Monday, January 19, 2009

Israeli political correctness

I found another interesting opinion online from the same page as my last post from Ta-Nehisi Coates which is a blog from The Atlantic.

Hey again. No, I definitely do not underestimate the discrimination against Arab-Israelis. Israelis are surprisingly forthright about their prejudices - they have virtually no culture of political correctness. Israelis have hastily assured me that it was an Arab who robbed my friend, and warned not to go out with a particular guy explicitly because he was Arab. The prejudice is definitely there.

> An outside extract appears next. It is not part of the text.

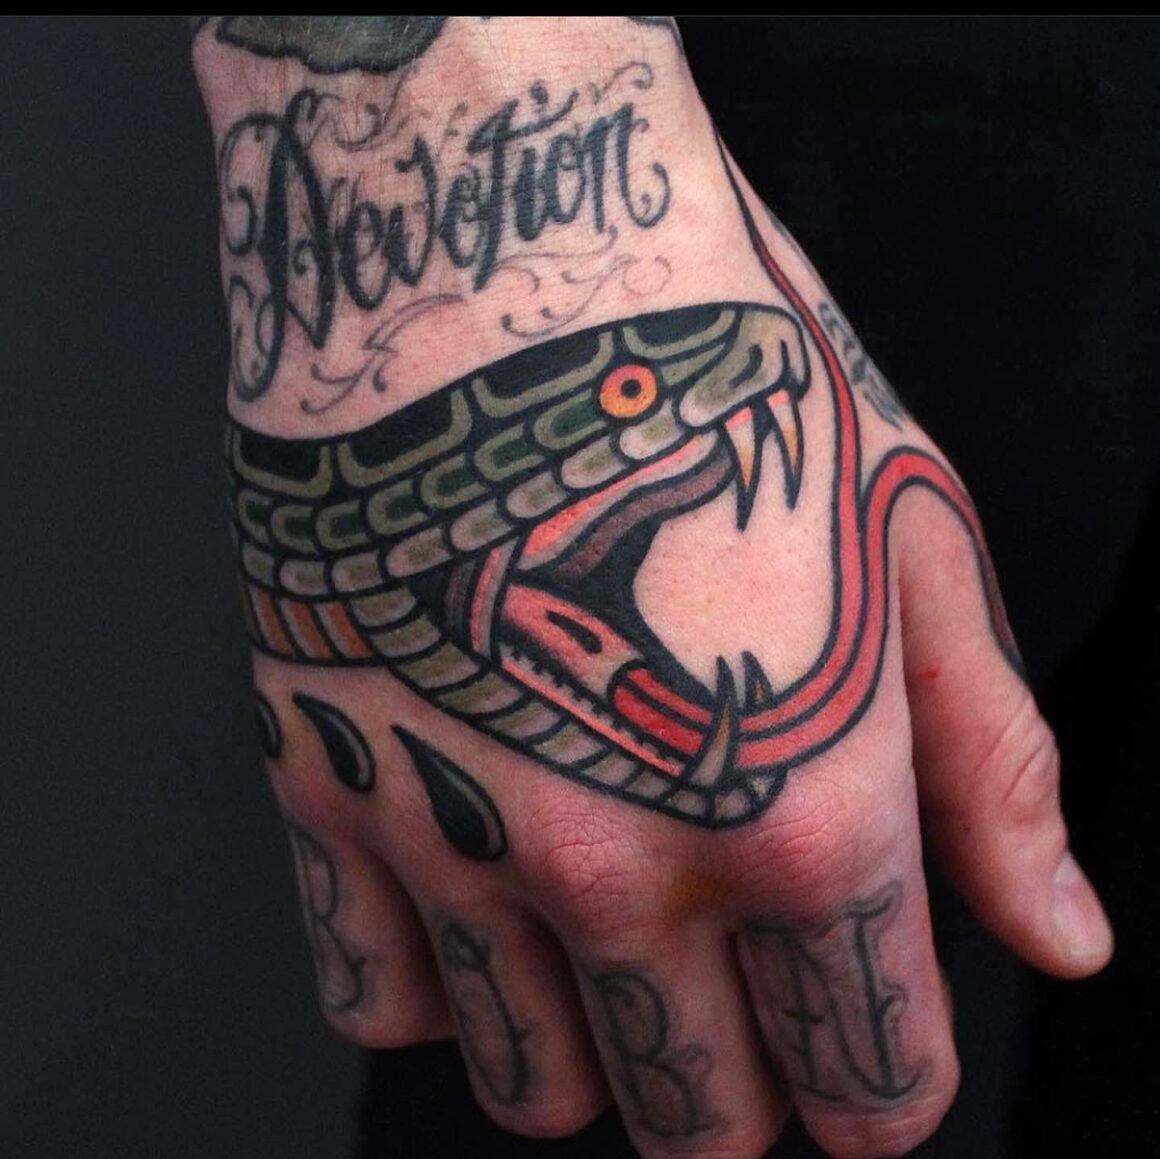 Tony Nillson, Blue Artms Tattoo, Oslo, Norway

But it's not Jim Crow. Nor is Arab prejudice against Jews (Arab states evicted most of their Jews in 48) really analogous to Jim Crow, which is specific to American history. Not in substance and certainly not in context. Whatever their entrenched ethnic prejudices, these populations have actually been physically fighting each other for 100 years. Huge proportions of the populations have personally seen combat. If you've ever heard Hungarians and Romanians talk about each other, you're getting close to the warm-and-fuzzy of Israeli-Palestinian feelings.

I never thought of it before - Israeli political correctness. I wasn't a political animal when I lived in Israel because I was too young so I didn't think of it back then. But now that I am aware of that concept in American politics, it adds a whole new dimension of comparison between Israeli democracy and American (and European) democracy. Israel is only 60 years old. It's new and old at the same time because of its Jewish character. It's in the middle of the Middle East, a regional minority, and faced or waged many wars. Many racist things have been said in the Knesset by the far right. Many offensive things have been said by the Arab MKs as well. Perhaps it is just a product of the Israeli political system with its many parties. Or perhaps it hasn't matured enough to the measure of American and European democracies. After all, it did take more than 60 years for the United States to end slavery.